May 18, 2010
Prototype senses individual terahertz photons
Individual photons in a very obscure terahertz region of electromagnetic radiation have been detected using a specially designed system consisting of a quantum dot and a superconducting single electron transistor (SET) both cooled to a very low temperature.
A joint team of scientists from Royal Holloway University of London, UK, Tokyo University, Japan, and the Institute for Solid State Physics, Russia, has fabricated a single-photon detector for terahertz radiation, which could help to bring about prolific new applications in chemistry, physics and biology.
An incoming terahertz photon incident at the patterned semiconductor heterostructure (for more details, click on the image) is absorbed by the electron gas so that the photon energy is transferred to a plasma wave localized inside the quantum dot (QD). The plasma wave may decay to an electron-hole pair in such a way so that one of the electrons leaves the QD. Because of this, the QD undergoes a transition to a meta-stable charge excited state and the electrostatic potential in close proximity to the QD changes stepwise. The SET probes this change in potential and indicates absorption of the photon. Thus, counting of terahertz photons can be performed.
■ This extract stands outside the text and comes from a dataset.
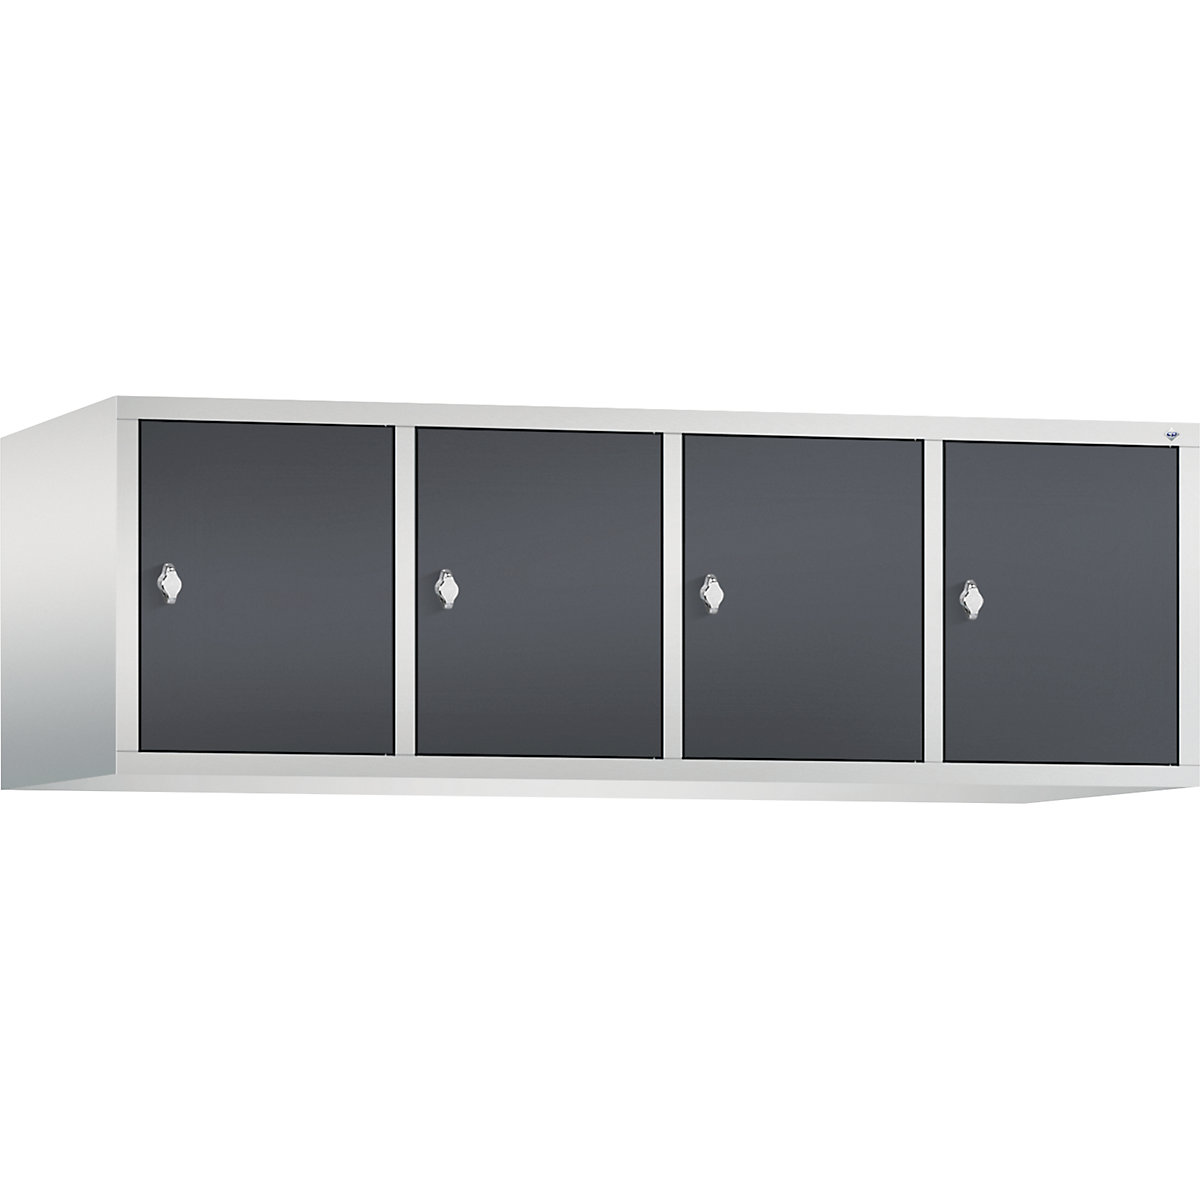 C+P – Altillo CLASSIC, 4 compartimentos, anchura de compartimento 400 mm, gris luminoso / gris negruzco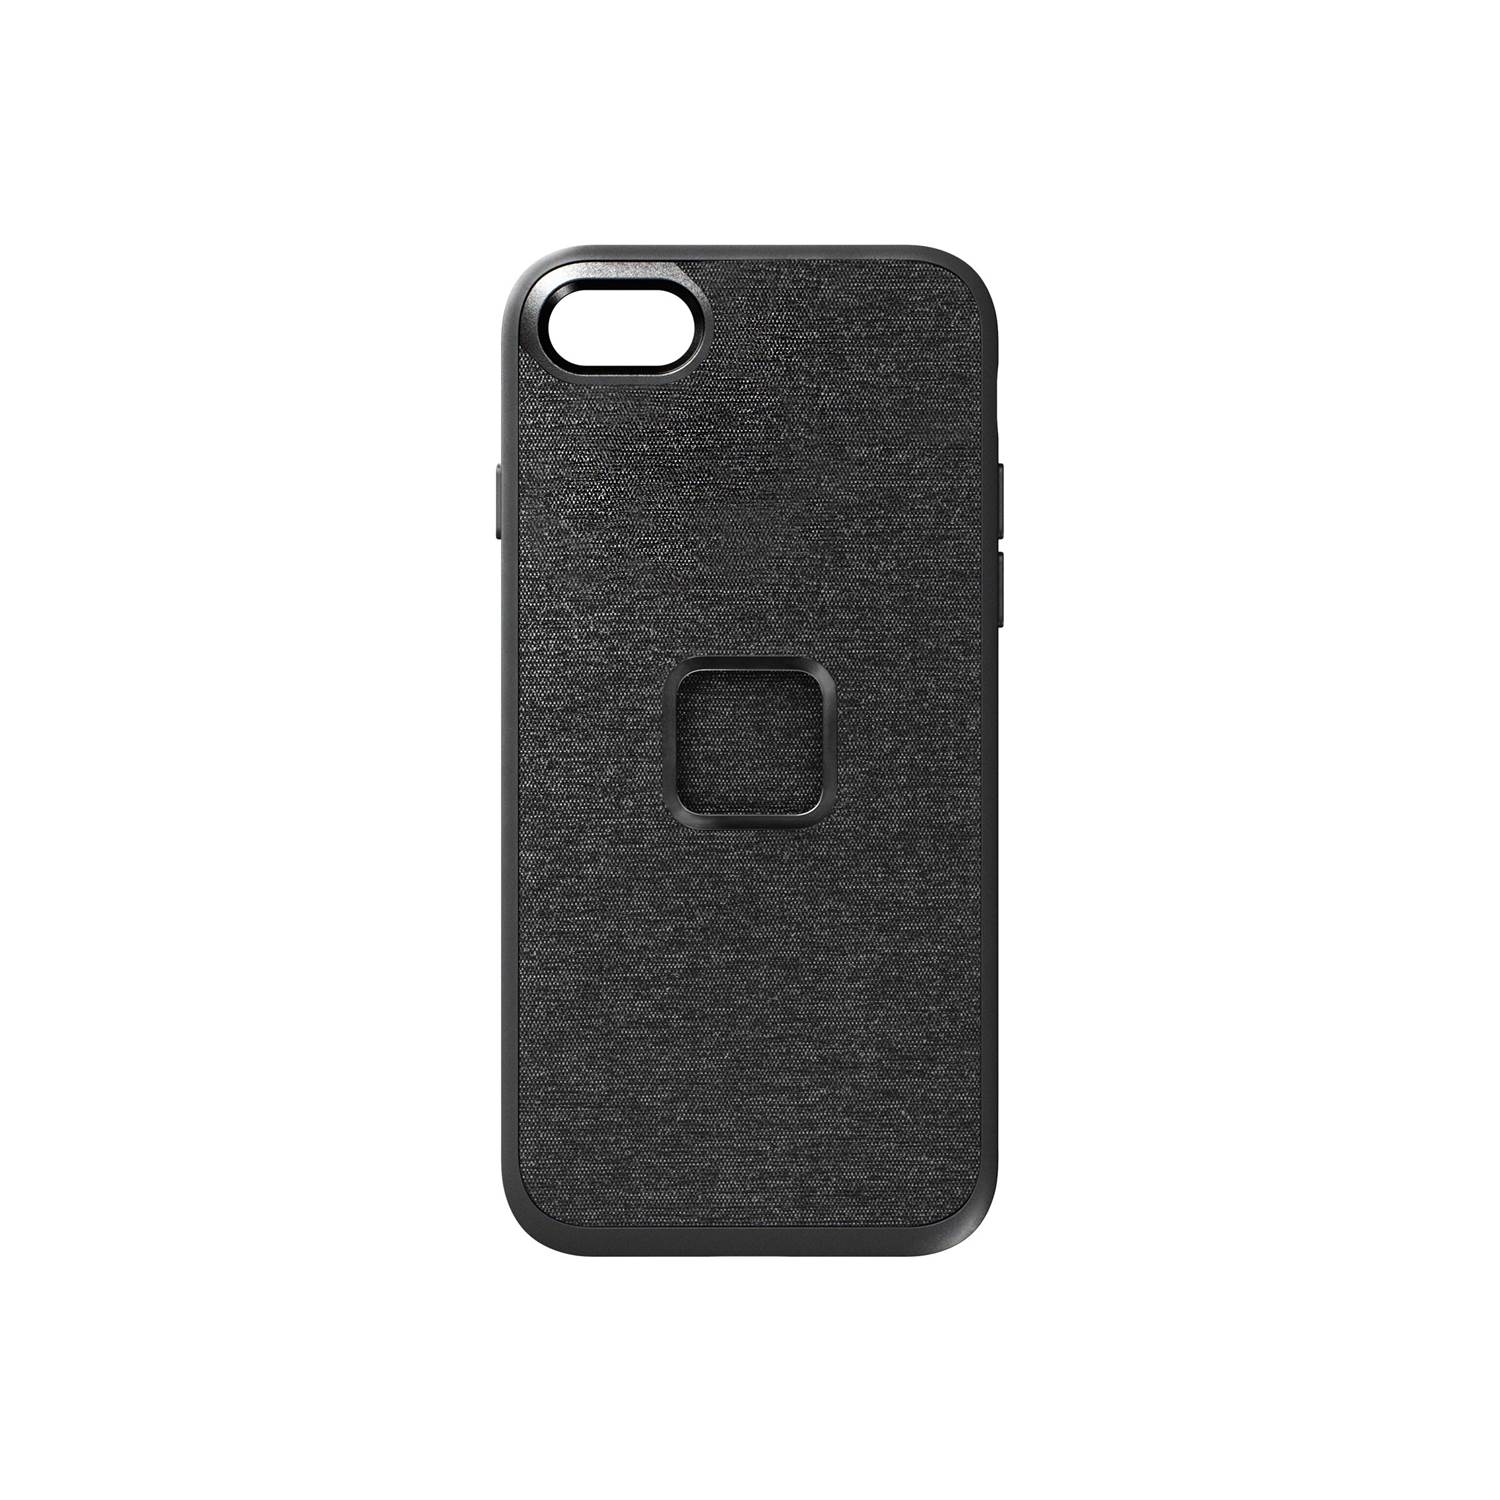 Peak Design Everyday Fabrice Case iPhone SE - Charcoal

In fact, only one of 1000 photons is counted in this way, but even with such low quantum efficiency, the sensor has an unprecedented high sensitivity that exceeds existing terahertz sensors by a few orders of magnitude.
More details are available in the journal Nanotechnology.
About the author
The collaborative study was conducted at the Royal Holloway University of London (RHUL), England. The PhD student Hideomi Hashiba and his supervisor Dr Vladimir Antonov from RHUL designed the fabrication technique for making the terahertz sensors. In collaboration with Prof. Susumu Komiyama, a group leader in Tokyo University, Japan; Prof. Alexander Tzalenchuk, chief researcher from National Physics Laboratory, United Kingdom; and Prof. Leonid Kulik, a leading scientist at the Institute for Solid State Physics, Russia, they performed extensive studies of the optical and transport properties of QDs coupled capacitively to SETs, and finally came up with a working prototype of a single-photon counter of terahertz photons.